Classic Eggs Benedict

February 18, 2017
Eggs Benedict

Eggs benedict is one of my favourite dishes to have whenever I'm at a restaurant that specializes in brunch. I never thought of making it at home because the hollandaise sauce sounds like a real pain to make, with a high risk of not getting it right. But then my chef showed me how to make an easy hollandaise sauce and told me that very few restaurants will actually go out of their way to make it with a vinegar reduction and clarified butter. This is an easy and wonderful dish to make on the morning after a romantic evening. Also great if you're nursing a hangover.

Classic Eggs Benedict

Yield: 2 Servings  |  Preparation time: 15 Minutes  |  Cooking time: 20 Minutes

When making the hollandaise sauce, start with about half of the lemon juice and then add more to taste at the end. If the sauce came out a little too thick, you can thin it out with a little water. The sauce will form a skin on top if left aside too long, so whisk it every now and then while you're cooking the remaining ingredients.
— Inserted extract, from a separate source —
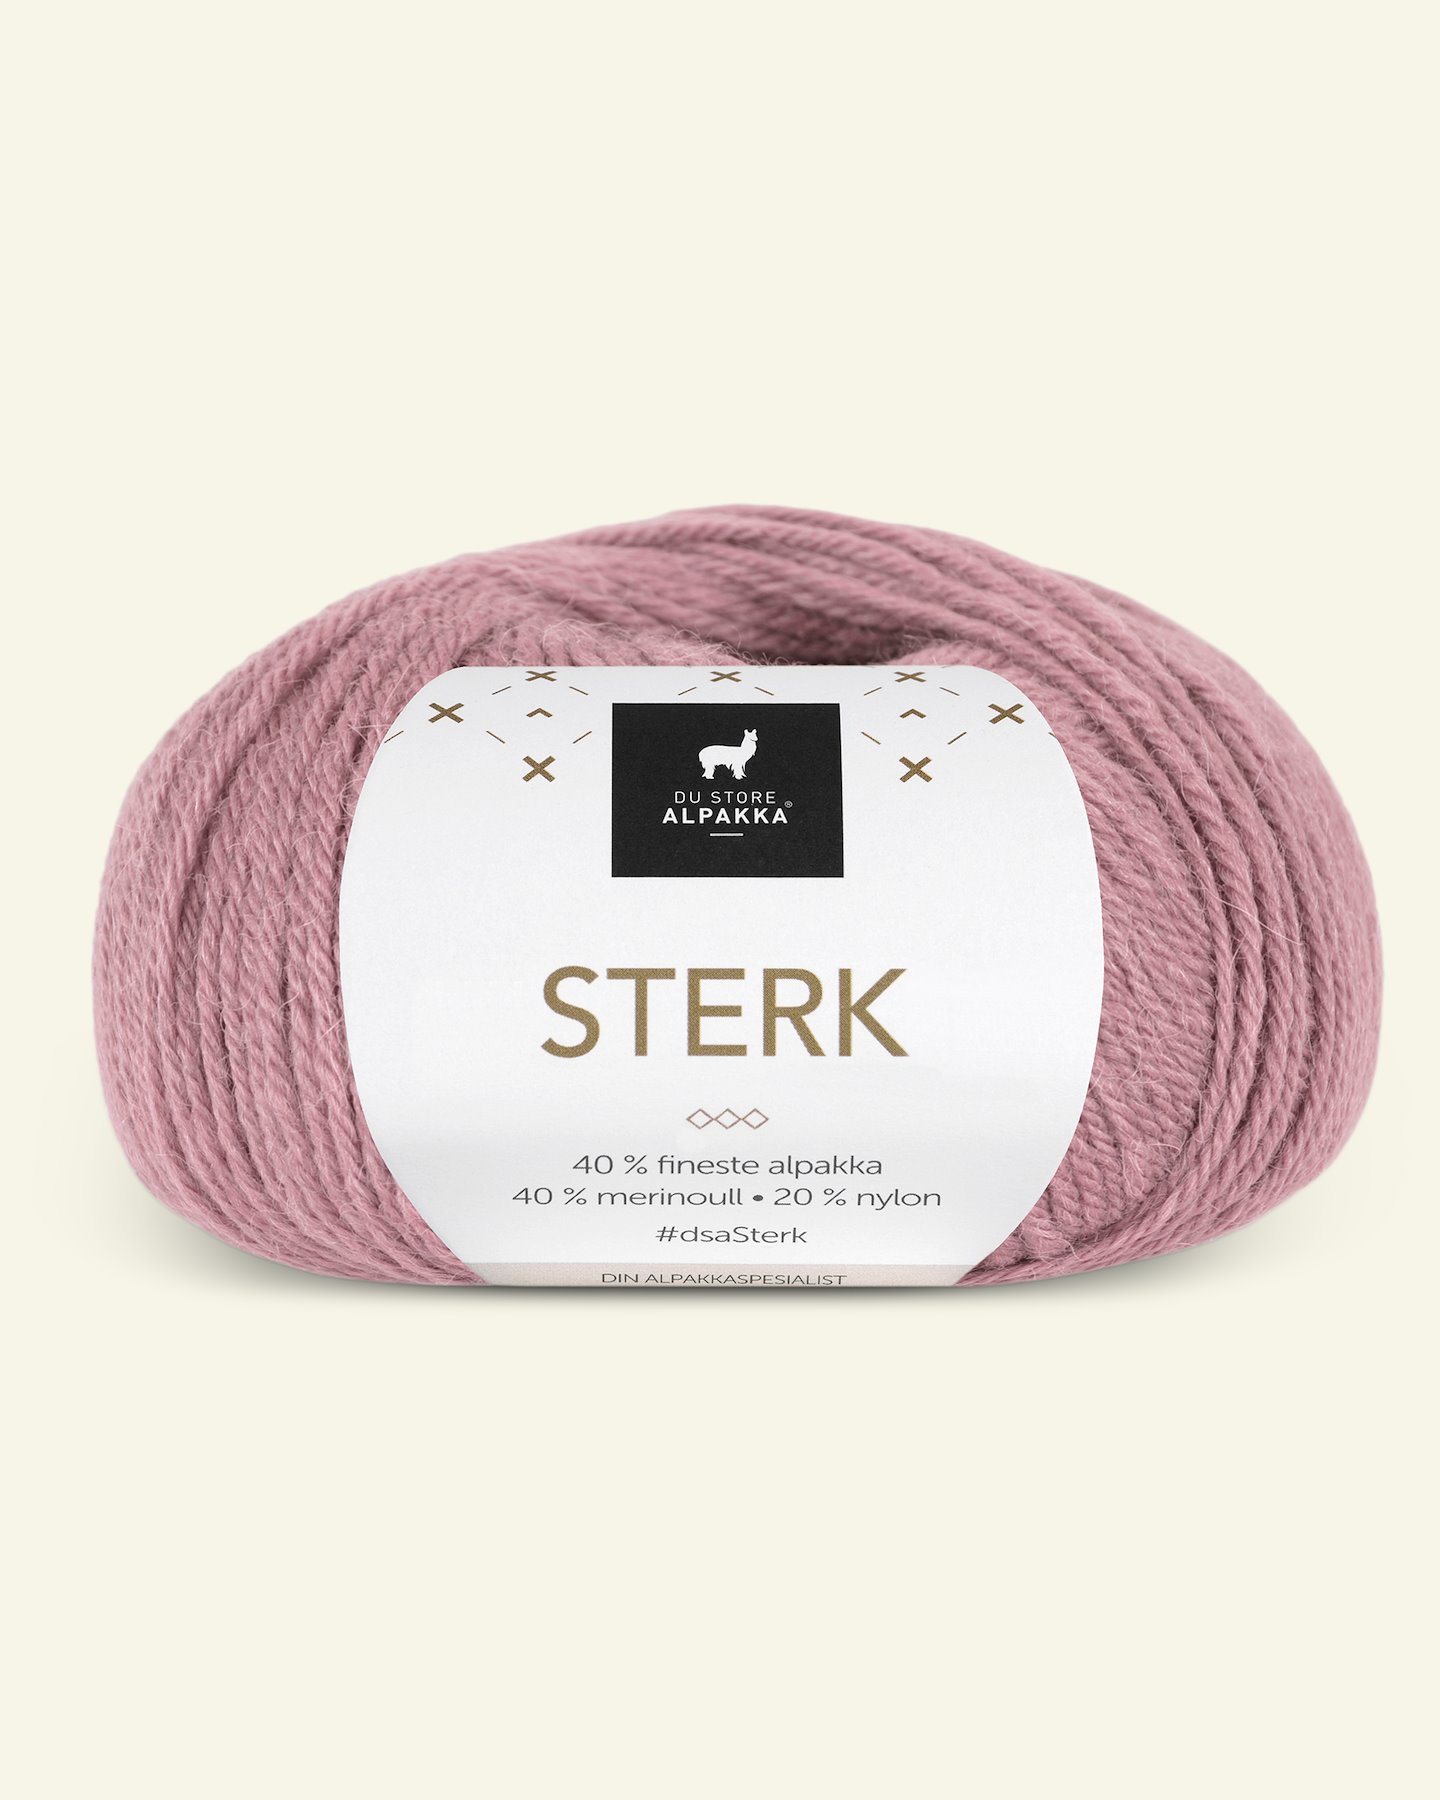 Du Store Alpakka, alpaca merino mixed yarn "Sterk", dark dusty rose (899) 90000693_pack

Be careful not to overcook the sauce in the bain marie. Take the bowl off the pot every now and then if you're finding that it is heating too quickly. Optionally, rub a garlic clove across the english muffins after they've been toasted, to give it a light garlic flavour.


Hollandaise Sauce

Eggs Benedict


Step 1

Prepare the hollandaise sauce by bringing a pot of water to a simmer. Find a metal mixing bowl that can be used as a bain marie with the pot.

Step 2

Separate the egg yolks and put them in the mixing bowl with half of the lemon juice (ie. Juice of a quarter of a lemon).

Step 3

Using a metal whisk, mix the yolks and lemon juice. Then add the cubes of butter and place the bowl over the pot of simmering water.

Step 4

Vigorously whisk the yolks, lemon juice and butter mixture. The butter will begin to melt. Keep whisking until all of the butter has melted and the desired consistency is reached. Be careful not to over cook it. Taste the sauce and add more lemon juice if necessary. Season with salt to taste and set aside.

Step 5

In the pot of simmering water, poach the eggs to desired doneness. About 2 minutes for soft but a little runny. Remove with a slotted spoon and set aside.

Step 6

Fry the peameal bacon slices until cooked through. In the meantime, split open the english muffins into two and lightly butter the insides. Toast them under a broiler until the edges darken.

Step 7

Place two halves of an english muffin on a plate and top each with a slice of peameal bacon. Top each bacon slice with a poached egg and then spoon hollandaise sauce over the egg. Garnish with a little cayenne pepper and/or smoked paprika.